Use --verbose for detailed logging.

## ⚠️ Current Limitations

### Missing Commands
The following commands are **intentionally not included**:

#### Export/Download Endpoints (9 missing)
These endpoints generate PDF, CSV, or Excel files instead of JSON data:
- `convocatorias/exportar` - Export search results to files
- `convocatorias/ultimas/exportar` - Export latest calls to files
- `concesiones/exportar` - Export concessions search to files
- `ayudasestado/exportar` - Export state aids search to files
- `minimis/exportar` - Export minimis search to files
- `grandesbeneficiarios/exportar` - Export large beneficiaries to files
- `partidospoliticos/exportar` - Export political parties search to files
- `planesestrategicos/exportar` - Export strategic plans to files
- `sanciones/exportar` - Export sanctions search to files

**Why excluded**: These endpoints are thought to be better suited for the official web portal rather than a CLI data extraction tool.

#### Portal Configuration Endpoints (2 missing)
- `vpd/{vpd}/configuracion` - Get portal navigation configuration
- `enlaces` - Get portal links and micro-windows

**Why excluded**: These endpoints return web portal configuration data (navigation menus, links) that are not relevant for data extraction purposes.

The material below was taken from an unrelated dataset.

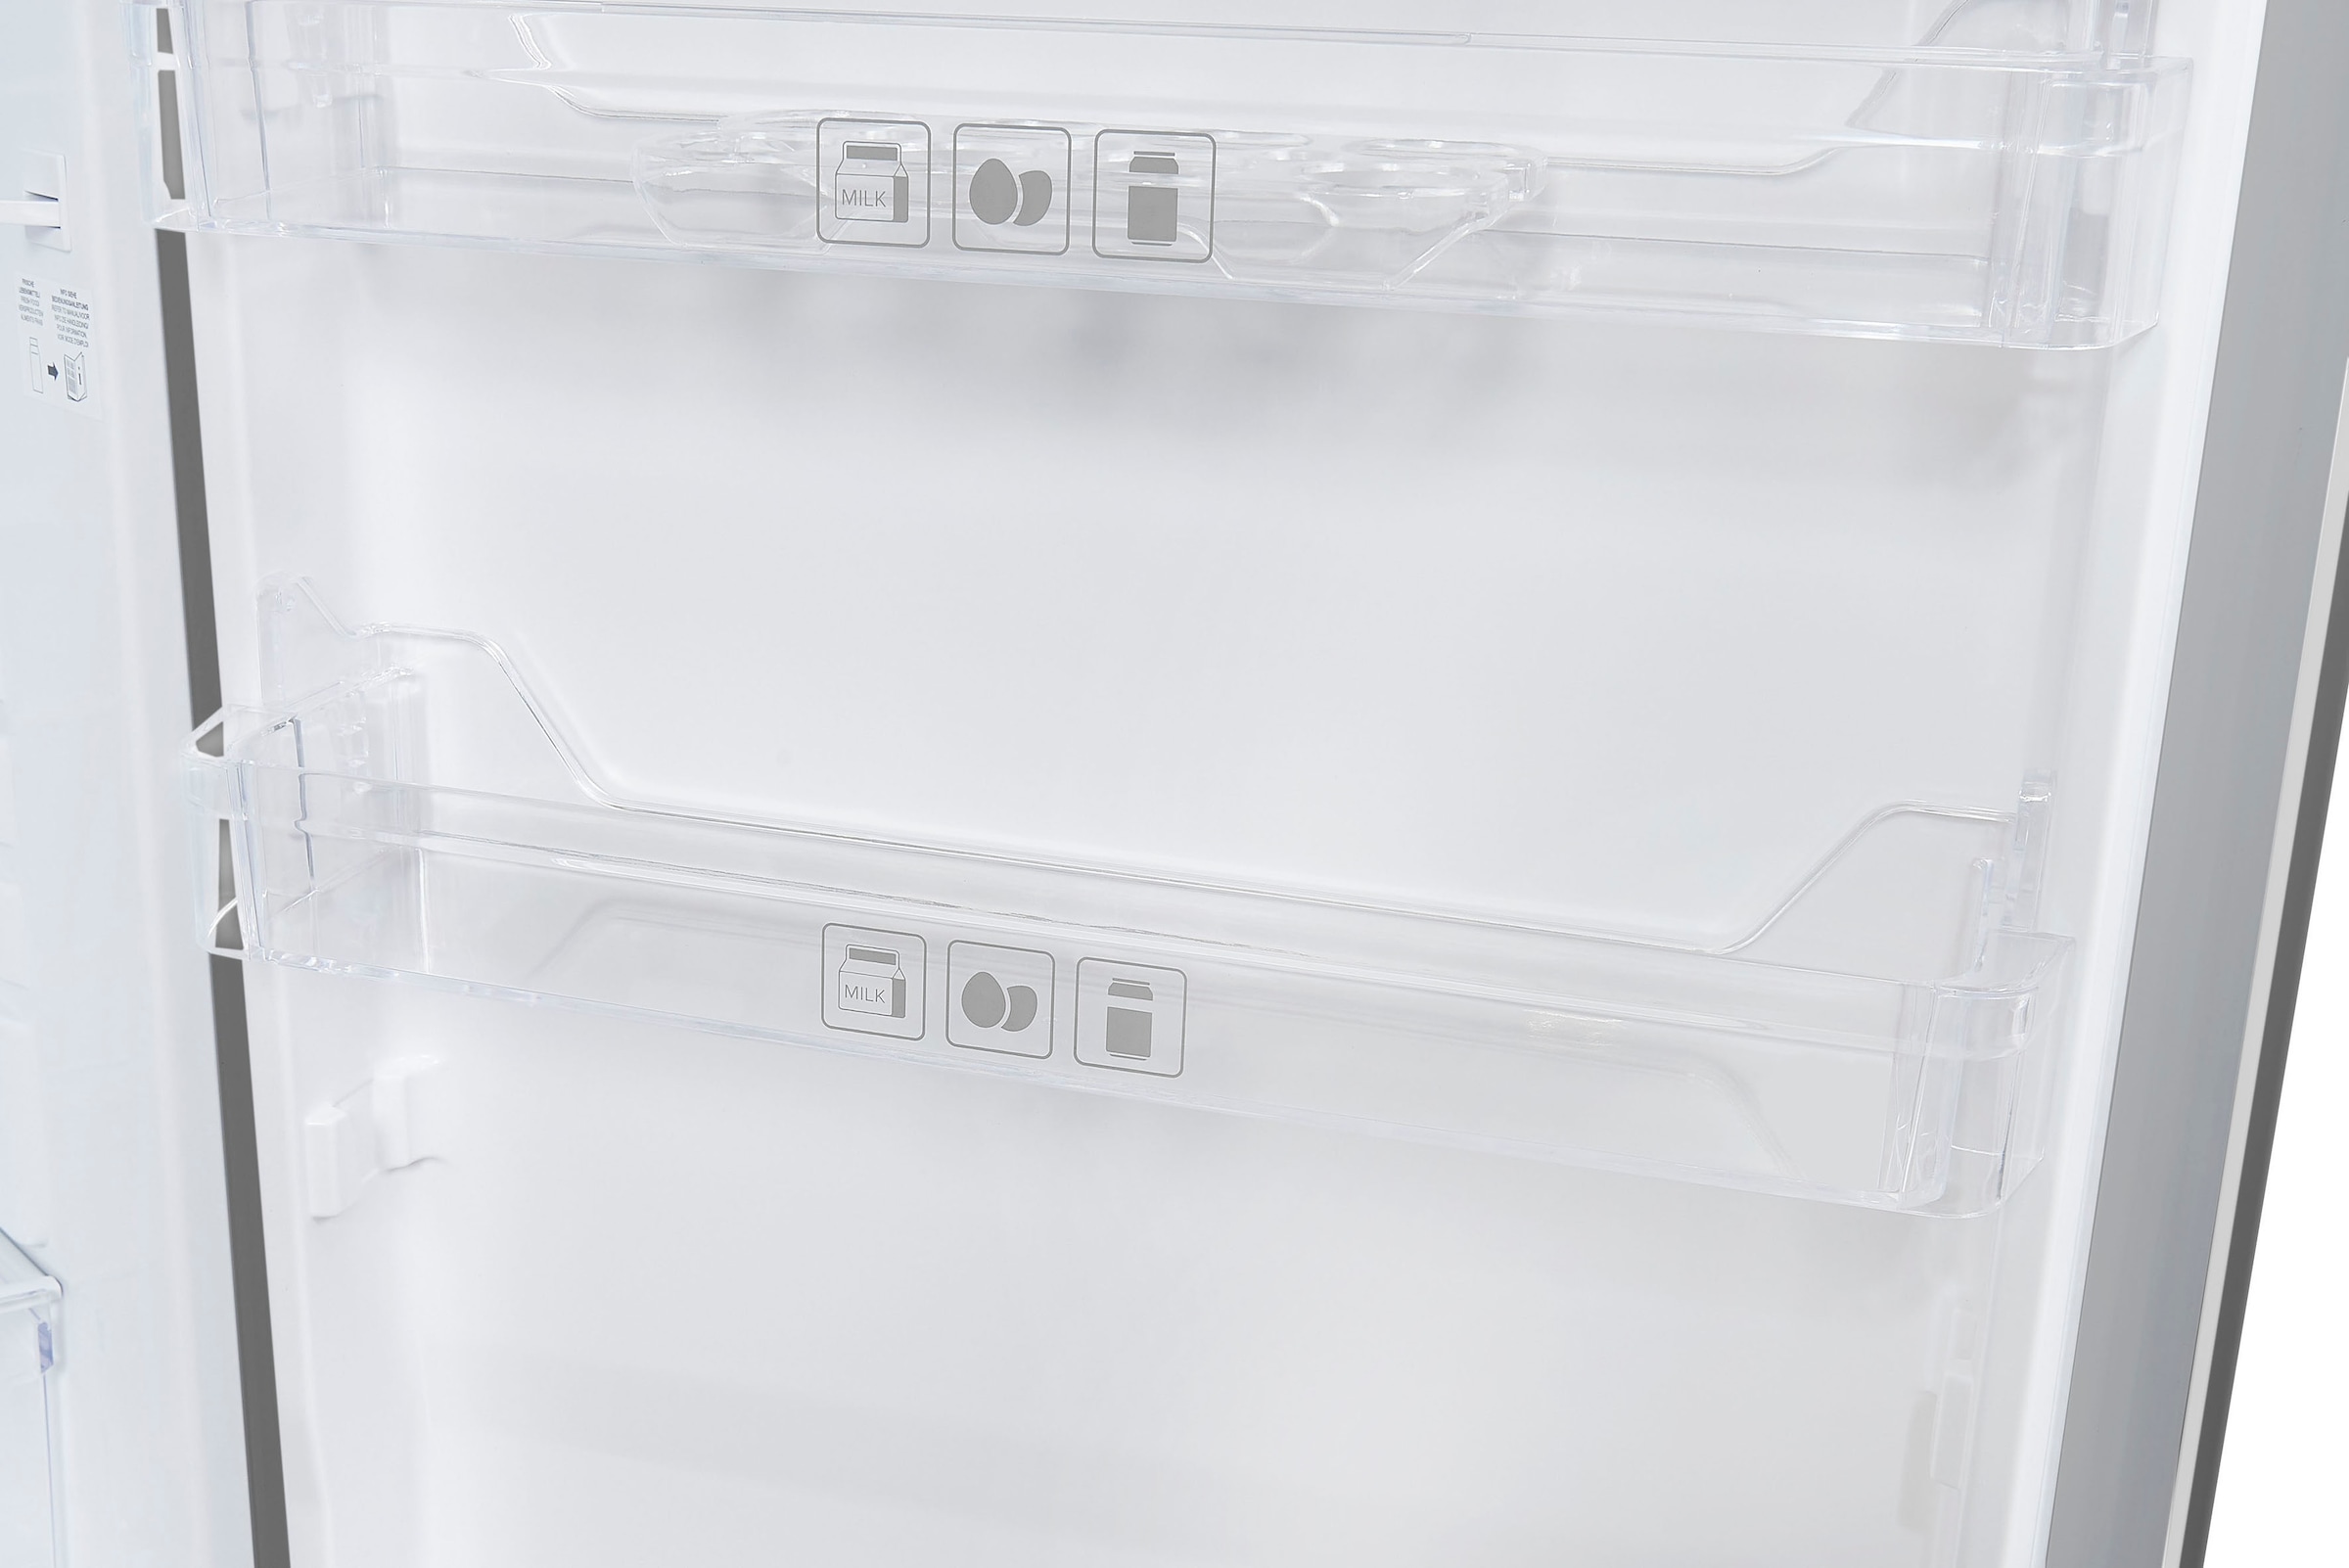 Exquisit Kühlschrank mit Gefrierfach 109L Nutzinhalt Weiß freistehend 55cm  breit, freistehende Kühlschränke, Kühlschrank, Kühlen & Gefrieren

#### Subscription/Alert System (11 missing)
- `suscripciones/alta` - Create new alert subscription
- `suscripciones/altaidentificado` - Create subscription with token
- `suscripciones/activar` - Activate subscription
- `suscripciones/login` - Login to subscription service
- `suscripciones/cerrar` - Close session
- `suscripciones/detalle` - Get subscription details
- `suscripciones/modificar` - Modify subscription
- `suscripciones/anular` - Cancel subscription
- `suscripciones/reactivar` - Reactivate subscription
- `suscripciones/recuperarcontrasena` - Recover password
- `suscripciones/restablecercontrasena` - Reset password

**Why excluded**: The subscription endpoints are not data endpoints and require user authentication and session management.

### Recommended Usage
- **Test First**: Always test commands with small datasets before large-scale usage
- **Use Verbose Mode**: Enable `--verbose` for debugging API issues or monitoring large extractions
- **Check API Status**: Verify that specific endpoints are working before relying on them for production use
- **Monitor for Updates**: The Spanish government may update the API without notice

## 🛠️ Development

### Prerequisites
- Python 3.11+
- Poetry for dependency management

### Development Setup
```bash
# Clone and setup
git clone https://github.com/cruzlorite/bdns-fetch.git
cd bdns-fetch
poetry install --with dev

# Available Make targets
make help                # Show all available targets
make install            # Install project dependencies  
make dev-install        # Install with development dependencies
make lint               # Run code linting with ruff
make format             # Format code with ruff formatter
make test-integration   # Run integration tests
make clean              # Remove build artifacts
make all                # Install, lint, format, and test
```

## 🙏 Acknowledgments

This project is inspired by previous work from [Jaime Ortega Obregón](https://github.com/JaimeObregon/subvenciones/tree/main).

## 📜 License

This project is licensed under the GNU General Public License v3.0 (GPL-3.0). See the [LICENSE](LICENSE) file for details.